Выбрать главу

10 января 1957 года прошла шведская премьера «Идоменея» Моцарта, дирижировал Герберт Сандберг. Сам директор Оперы пел критского царя Идоменея, Йордис Шимберг была страстной Электрой. Элизабет Сёдерстрём удалось тонко передать изменчивые настроения юной Илии. Верховного жреца пел Эрик Сэден, я исполнял теноровую партию Идаманта.

Моцарт сочинил эту сказочную оперу на сюжет о конце троянской войны для мюнхенского карнавала 1781 года. Ему только что исполнилось 25 лет, в письме домой он писал: «Что касается так называемой популярности, то вы можете не беспокоиться, ибо в опере моей найдется музыка для слушателей любого рода, но только не для ослов».

На премьере у нас тоже публика была очень пестрая. В королевской ложе сидели король Густав VI Адольф и королева Луиза с принцессой Сибиллой. В партере и на ярусах были ценители и новички, завсегдатаи и случайные люди, коренные стокгольмцы и туристы, по крайней мере так писали после премьеры газеты.

Все январские представления «Идоменея» проходили замечательно, время до прощального выступления пролетело слишком уж быстро. От этого вечера на всю жизнь остался у меня сувенир. Приятельница моей матери Ева Коповская сохранила его.

Пока нам, артистам, аплодировала публика, на сцену пришел Сет Сванхольм с лавровым венком и увенчал им меня. Он сказал речь, поблагодарил меня за гастроли. Собратья преподнесли мне цветы, а я подарил их моей возлюбленной по «Идоменею», хрупкой Элизабет Сёдерстрём. Она тоже сказала очень милые слова, все мои коллеги говорили, как им приятно снова видеть меня дома. Хотя мое сердце было переполнено радостью и благодарностью, я не нашелся что сказать, стоял пень пнем. Потом прямо проклинал себя.

Сразу после прощального представления я поехал с родителями домой на Хэссельбю укладываться. Мать с отцом к тому времени переехали с Грувбакена, где мы прожили двадцать два года, в новую современную квартиру на седьмом этаже высотного дома на набережной Хэссельбю.

Время в Швеции прошло для меня чудесно, я ни о чем не жалел, хотя мне пришлось отказаться от прекрасных ангажементов за границей. По Парижу я совсем не тосковал, он казался мне тогда прочитанной страницей моей жизни. Но с благодарностью я вспоминал три года работы в парижской «Гранд-Опера», где столь многому научился. Там я узнал, что такое утонченный французский вкус и чувство стиля, там я освоил язык, красивее которого нет.

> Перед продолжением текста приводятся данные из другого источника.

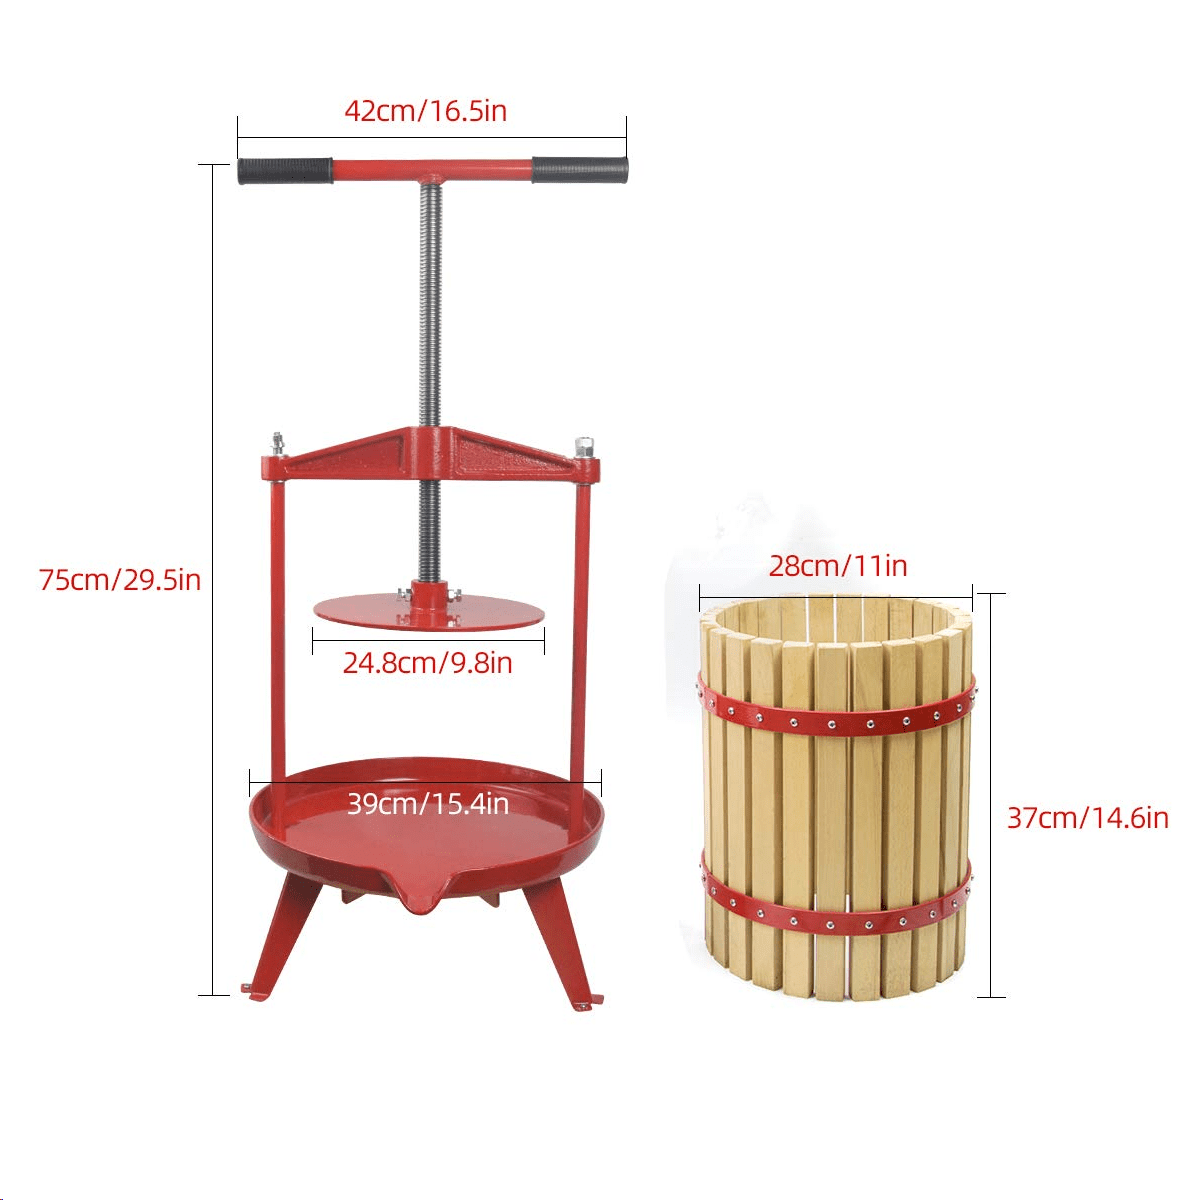 3.17 Gallon/12L-More Stable,Apple Grape Crusher for Juice Maker,Kitchen Solid Wood Basket Fruit Wine Cider Press 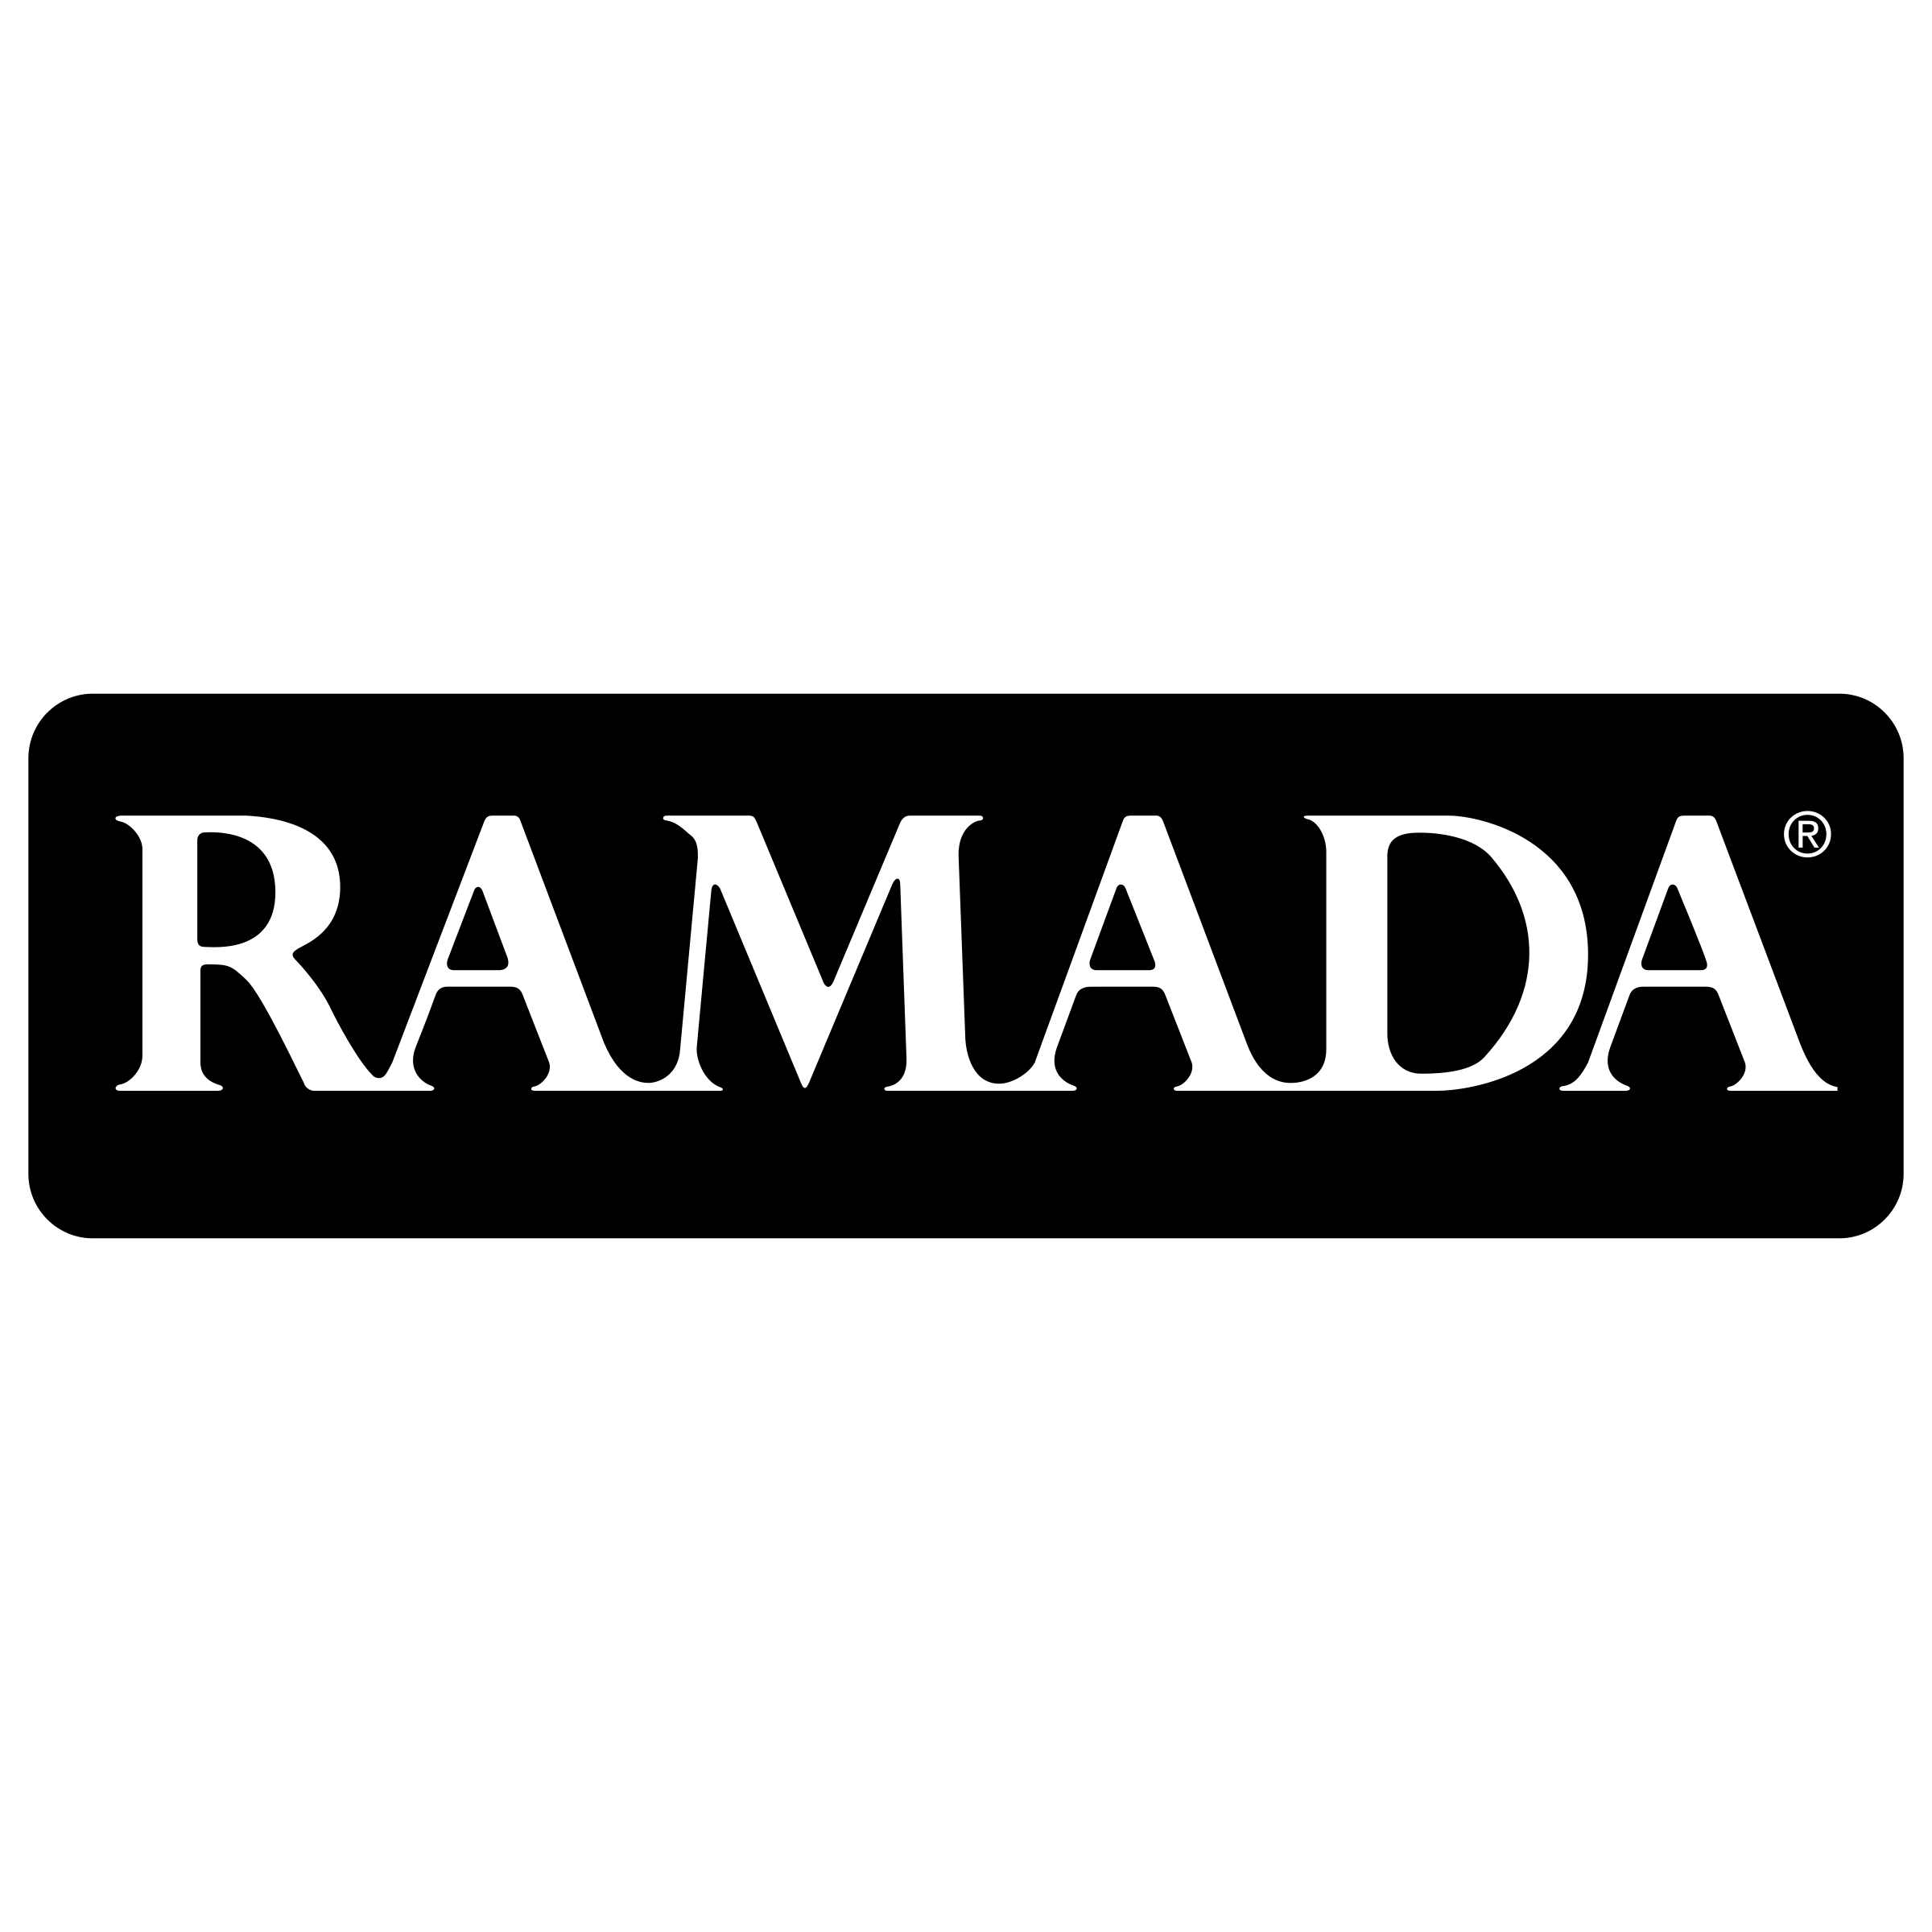 Ramada Logo - Ramada Logo PNG Transparent & SVG Vector

Теперь мне предстояло концертное турне по Канаде, затем я должен был проследовать в Соединенные Штаты на концерты и пробное прослушивание в «Метрополитен» в Нью-Йорке.

Дебют на Американском континенте состоялся в Квебеке в феврале 1957 года. Было невероятно холодно, уйма снега. На улицах гололед, так что народ заманить на концерт было нелегко. К тому же интерес к музыке у канадцев не так уж велик в целом, хотя у франкоязычного населения дело обстоит получше. Я помню, мне оказали теплый прием в глубине Канады, в местечке Чику-тими. В этом городке, выросшем на месте древнего индейского поселения, было большое музыкальное общество. Люди там дружелюбные, приятные, в остальном же канадцы показались мне совершенно закрытыми и необщительными.

Несколько усилился в Канаде интерес к музыке после того, как в Монреале построили по-настоящему большой оперный театр. И не надо забывать, что лучший драматический тенор мира Джон Викерс — из Канады.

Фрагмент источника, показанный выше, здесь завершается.